**ACTIVITY**.
Copy task. Retype the whole listing exactly, omitting any picture in it.

**DATA BLOCK**.
........

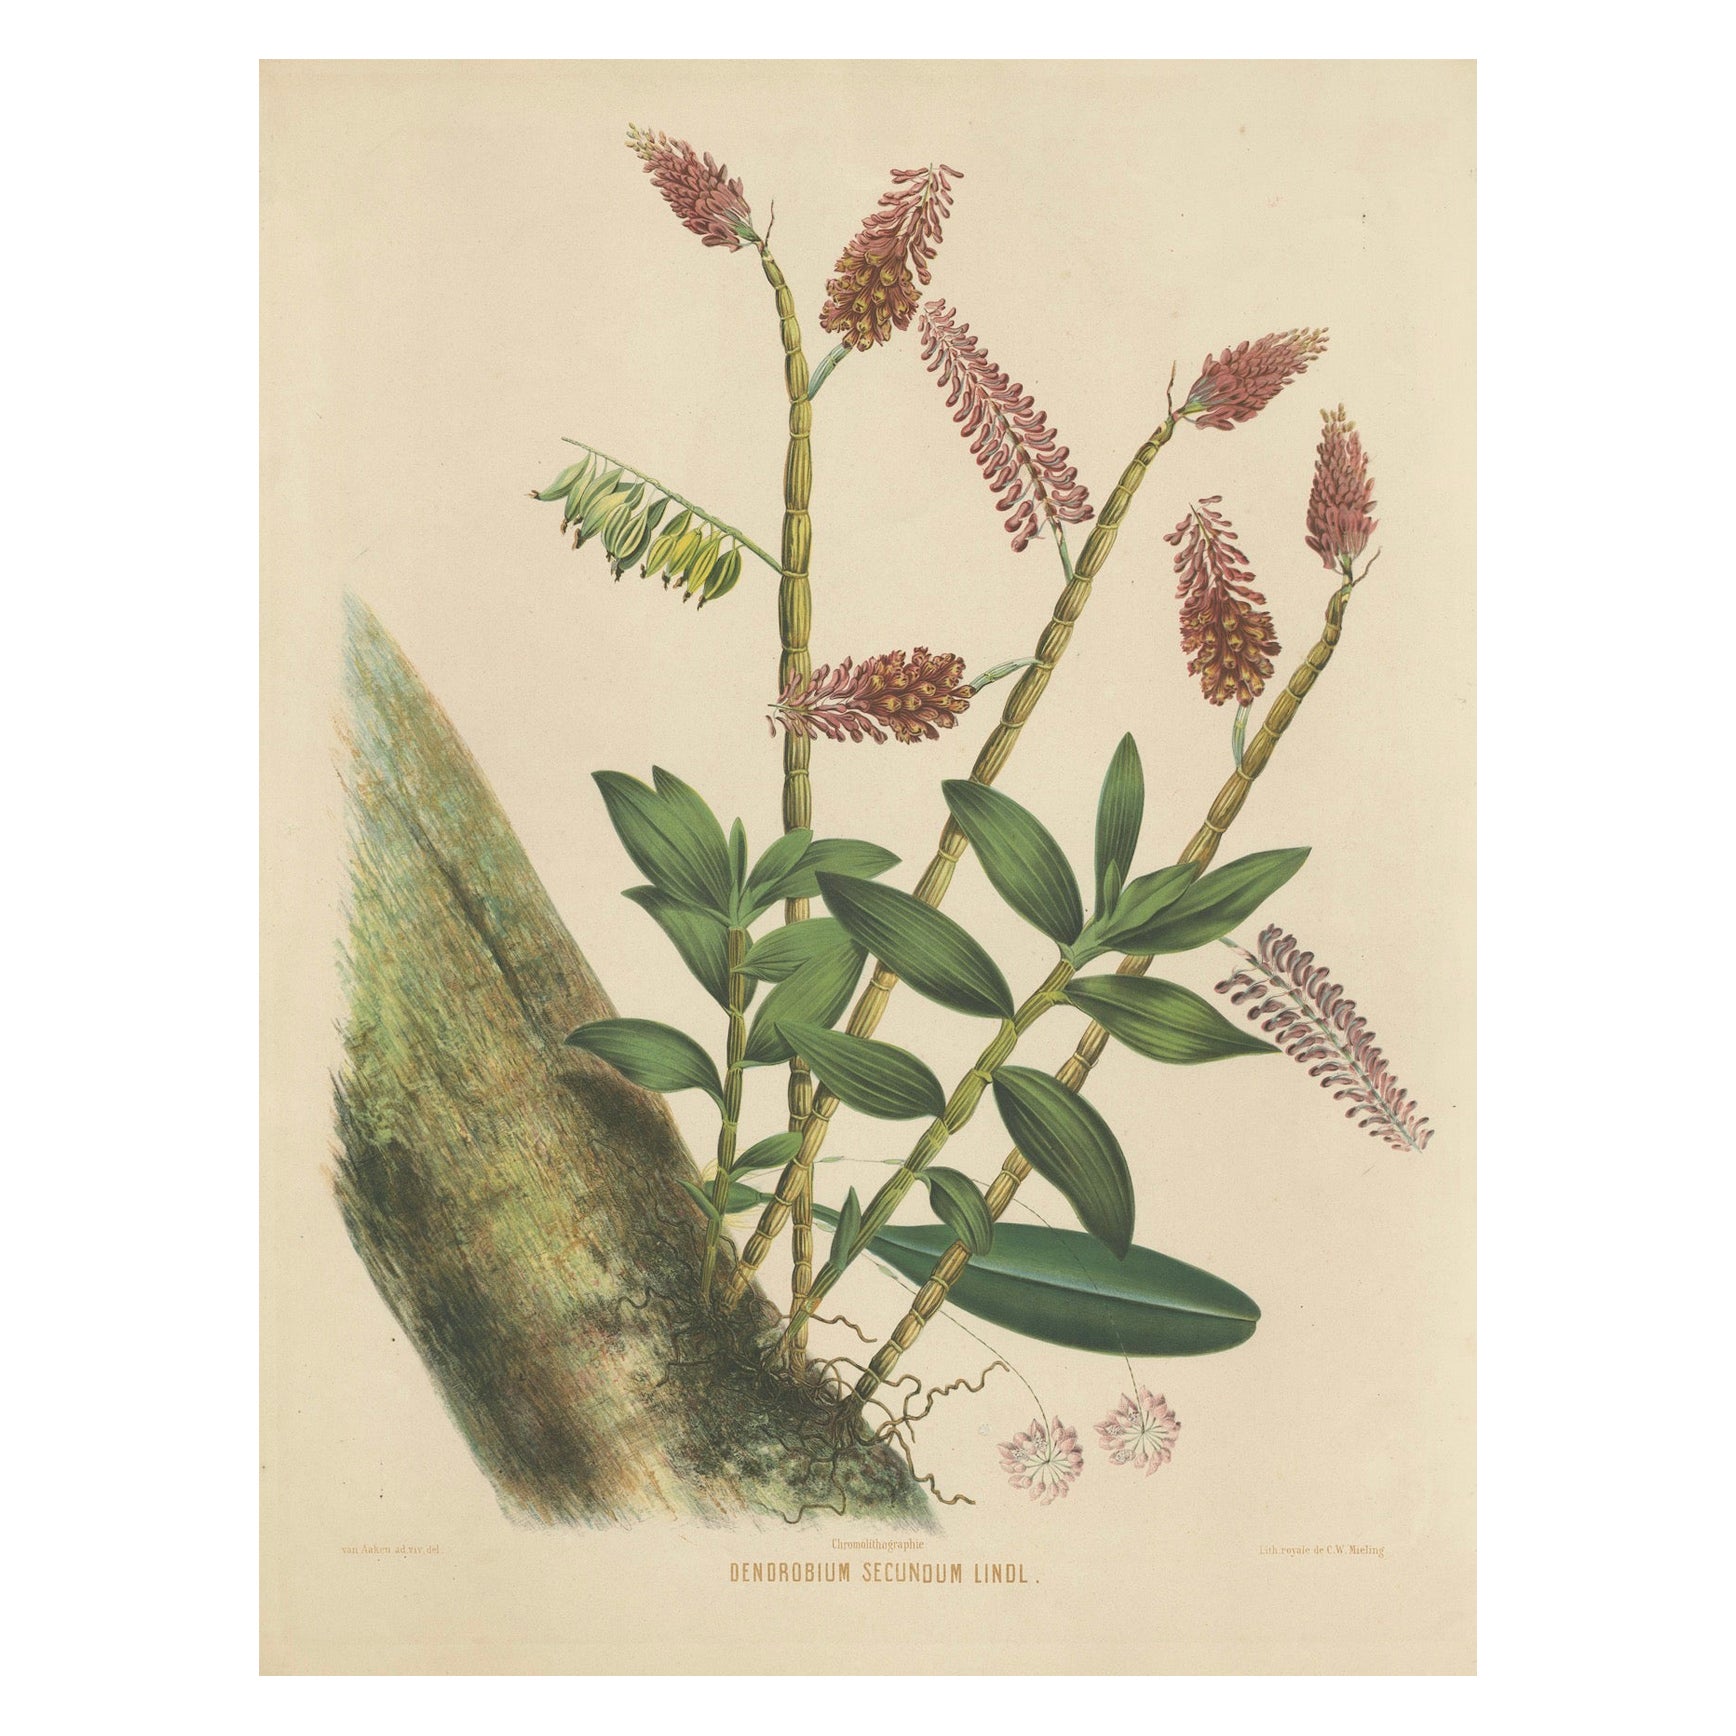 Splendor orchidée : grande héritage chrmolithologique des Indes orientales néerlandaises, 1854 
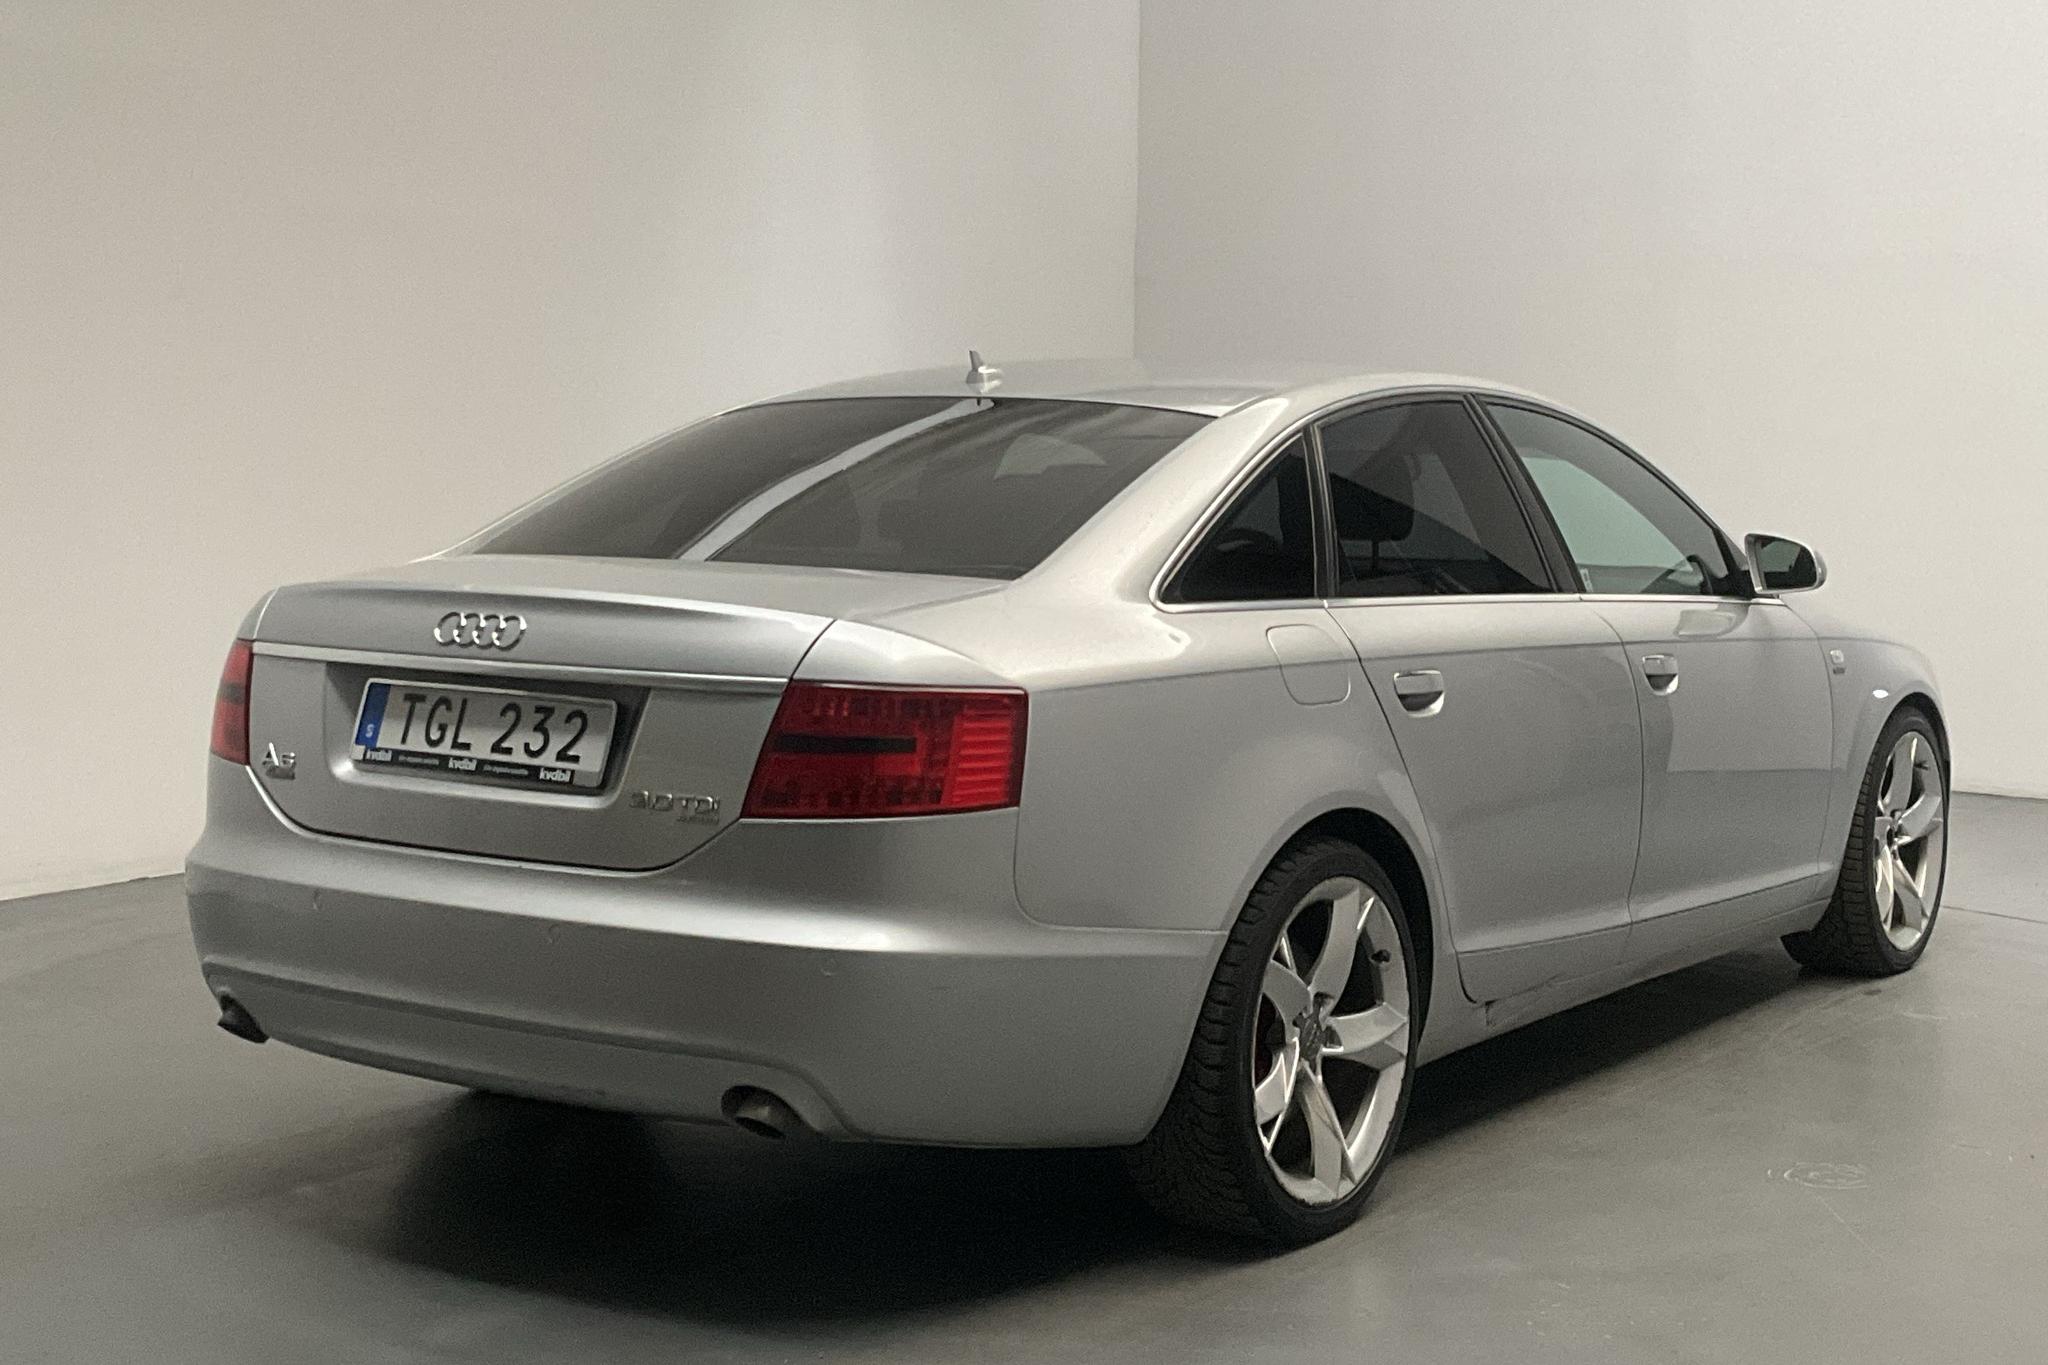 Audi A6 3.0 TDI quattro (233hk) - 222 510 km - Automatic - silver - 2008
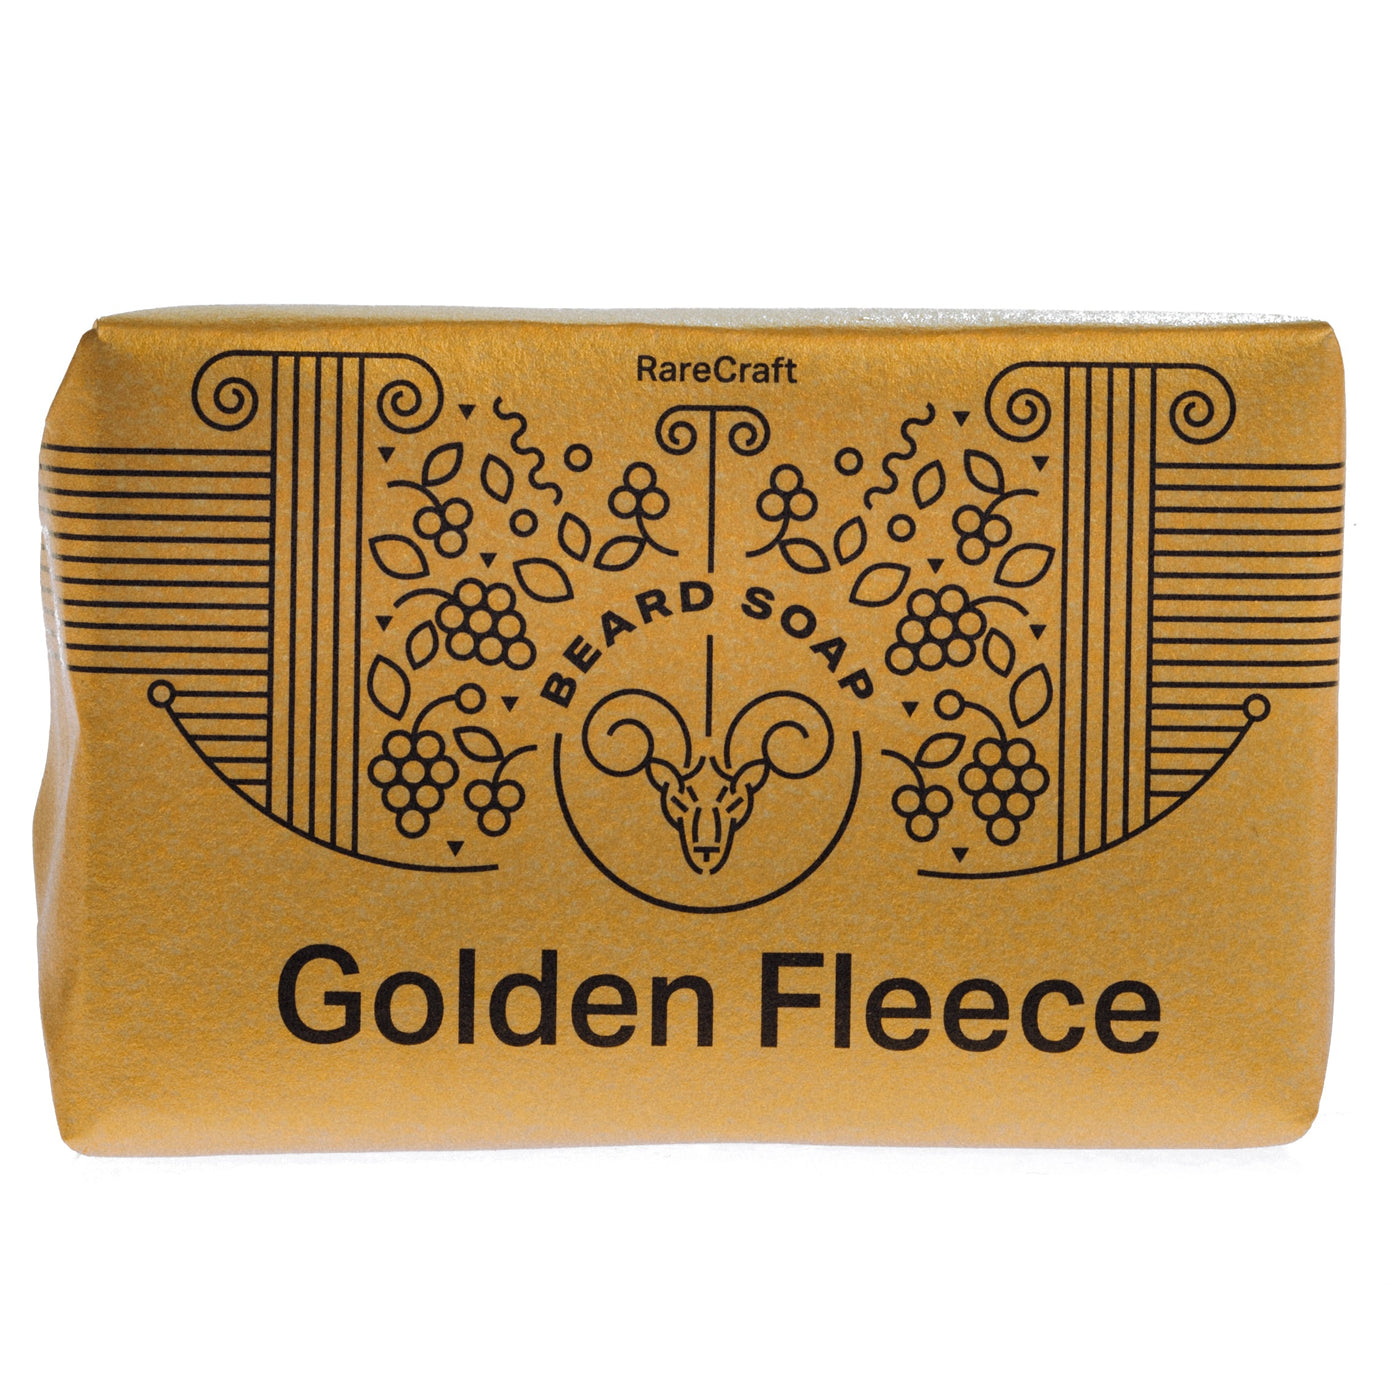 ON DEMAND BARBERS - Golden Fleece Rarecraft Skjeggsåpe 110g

........

**SOLUTION**.
 Splendor orchidée : grande héritage chrmolithologique des Indes orientales néerlandaises, 1854 
 Audi A6 3.0 TDI quattro (233hk) - 222 510 km - Automatic - silver - 2008
 ON DEMAND BARBERS - Golden Fleece Rarecraft Skjeggsåpe 110g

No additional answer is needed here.